Look, if you want to harp on me saying I want a house, like I'm sure everyone else does, and call me selfish for it, then by all means try that brilliant maneuver, and it may fly with others, and maybe yourself, but not with me. These prices should have never went this high, but they did, and now they must come back down to reasonable levels. If the government does this bailout out, they will not, especially any time soon. All that would be left is more rich people to gobble up somewhat cheaper foreclosed houses and rent them out, leaving little option for a first time buyer.

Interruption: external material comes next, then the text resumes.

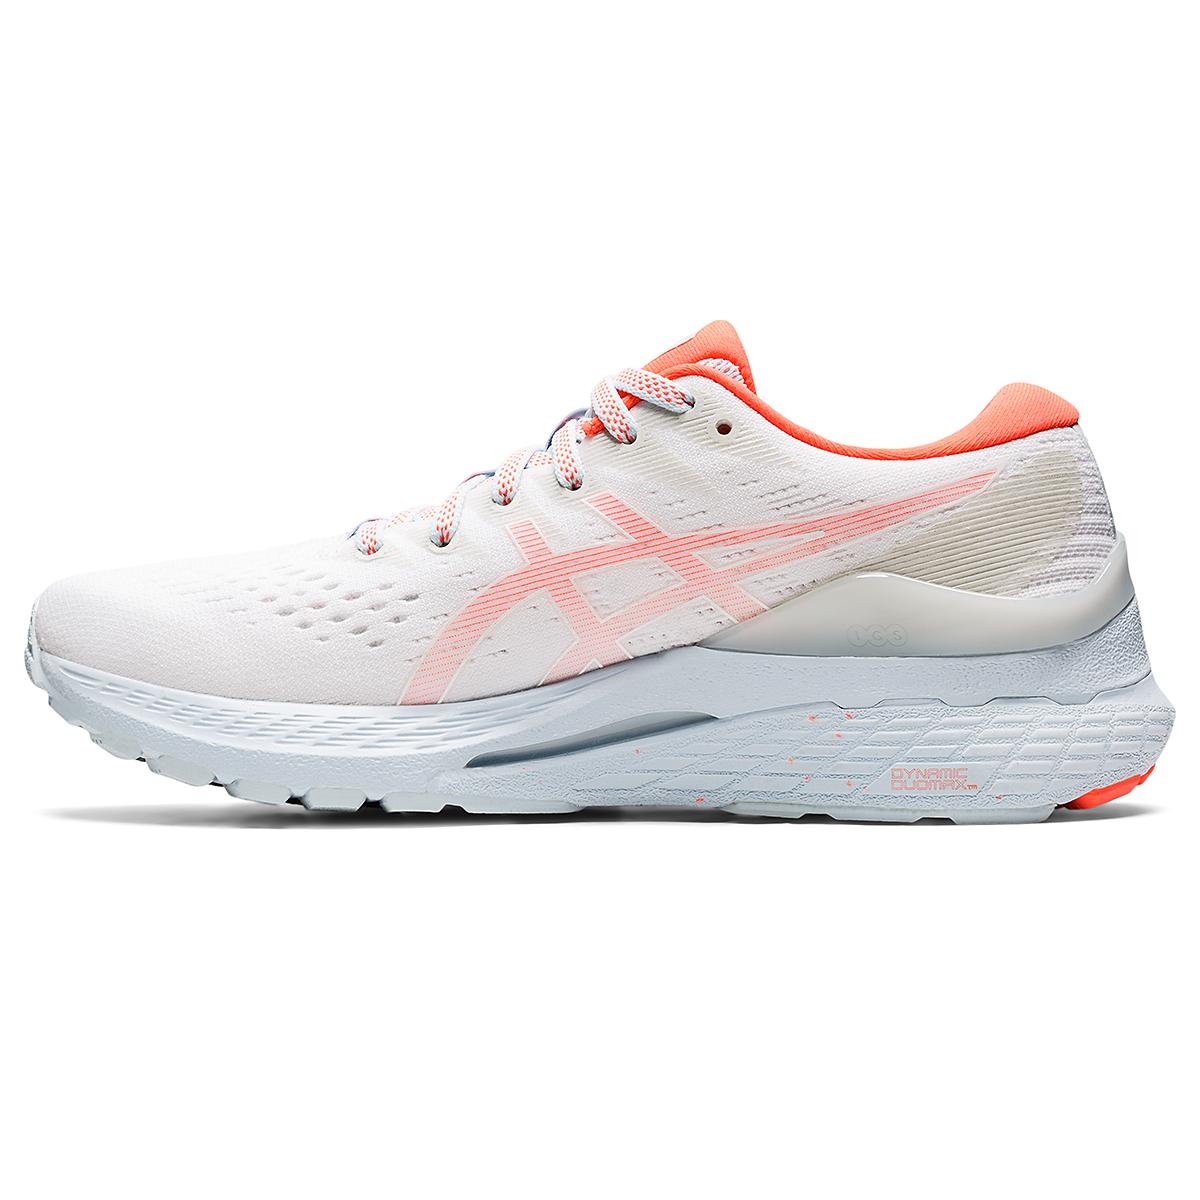 Women's Asics Gel-Kayano 28 Running Shoe, , large, image 2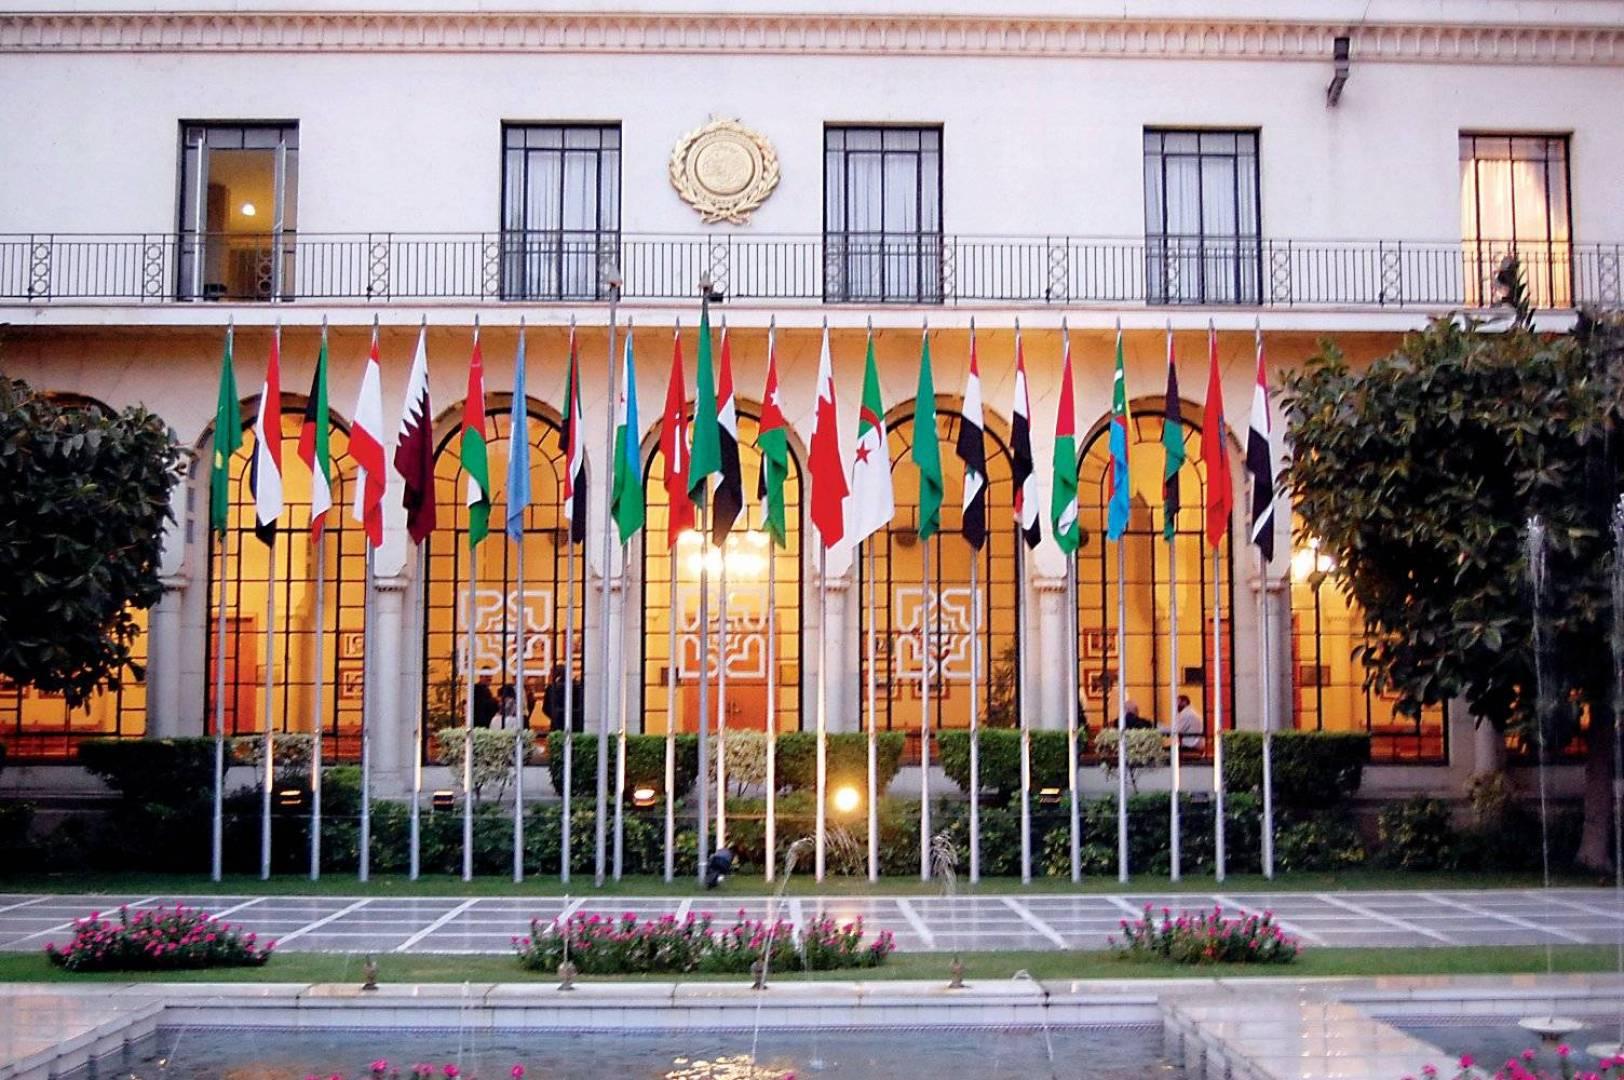 الجامعة العربية تطالب باستمرار دعم العملية التعليمية في فلسطين

I'm well aware of your position, but there's not a chance in hell I will agree, as subsidies on houses especially for low income is, last I checked, not such a selfish idea. You conveniently ignored that part, huh. Hence, why I don't take you seriously in your attempt here.

That makes no ethical sense - which is the problem on Wall Street, and the problem in Washington. Parlay the misfortune of someone else to your own personal gain. You're a better capitalist than you thought you were!

Read above.

Saying to you that some people should be renters and some homeowners and never the twain should meet doesn't make me an advocate of free-fall capitalism. Homeownership is a state of mind as well as a responsibility which some folks just don't have the chops for. It's NOT the same thing as saying you don't believe people deserve a roof over their head - there is no excuse for this nation having a single homeless person on the street. But that doesn't mean they all should be owning homes that require care and maintenance (which some people don't have the physical or financial means to accomplish). There is a reason that the economic Gods invented rentals and it wasn't just to suck rent money off of poor slobs. It's a different product in the marketplace, that's all.

Of course, right here you want to impose your own ideals of house ownership upon others. Hey, what's this, sounds like selfish!

This idea of "free-fall capitalism" isn't a state of perpetuity. I already told you about regulations, I already told you about stricter limits and assistance. Once again, you just ignored them to try and make some foolish moral point about being selfish. The market free-falling is an offset to it doing just the opposite, going skyward way too fast thanks to a lack of regulation. With such regulations put in place, after this fall is done, there won't be another "skyward" unless the market value demands it with regulations in place (which would also mean cost of living is dramatically risen, as well as incomes).

Sometimes, RJ, you have to let people fall so they can get up. Welcome to the school of tough love called life.

To be honest... how many people can afford the price of most real estate in the Bay Area?

Working families who work in the Bay Area.

Single income isn't much the norm anymore except in places with the cheapest real estate in the country where you can get by on Wal-Mart jobs.

I would say you're good off if you have 2 workers making at minimum a combined $70,000 - $125,000 a year, if you want to live "comfortably" (which is my idea of living). Right out of college there are many non-ultra specialized jobs that don't demand specific engineering degrees (like NASA-type jobs), which you'll see at Google and Microsoft, for instance. These start around $50,000/year, and these grads I've seen both Google and Microsoft take are people with English or Sociology or Communications degrees which they put into frontpage or advertising/marketing/HR/finance. Then they work their way up. In some cases a single income might work if you skimp on trips and extravagant things, or already made a plan and have those.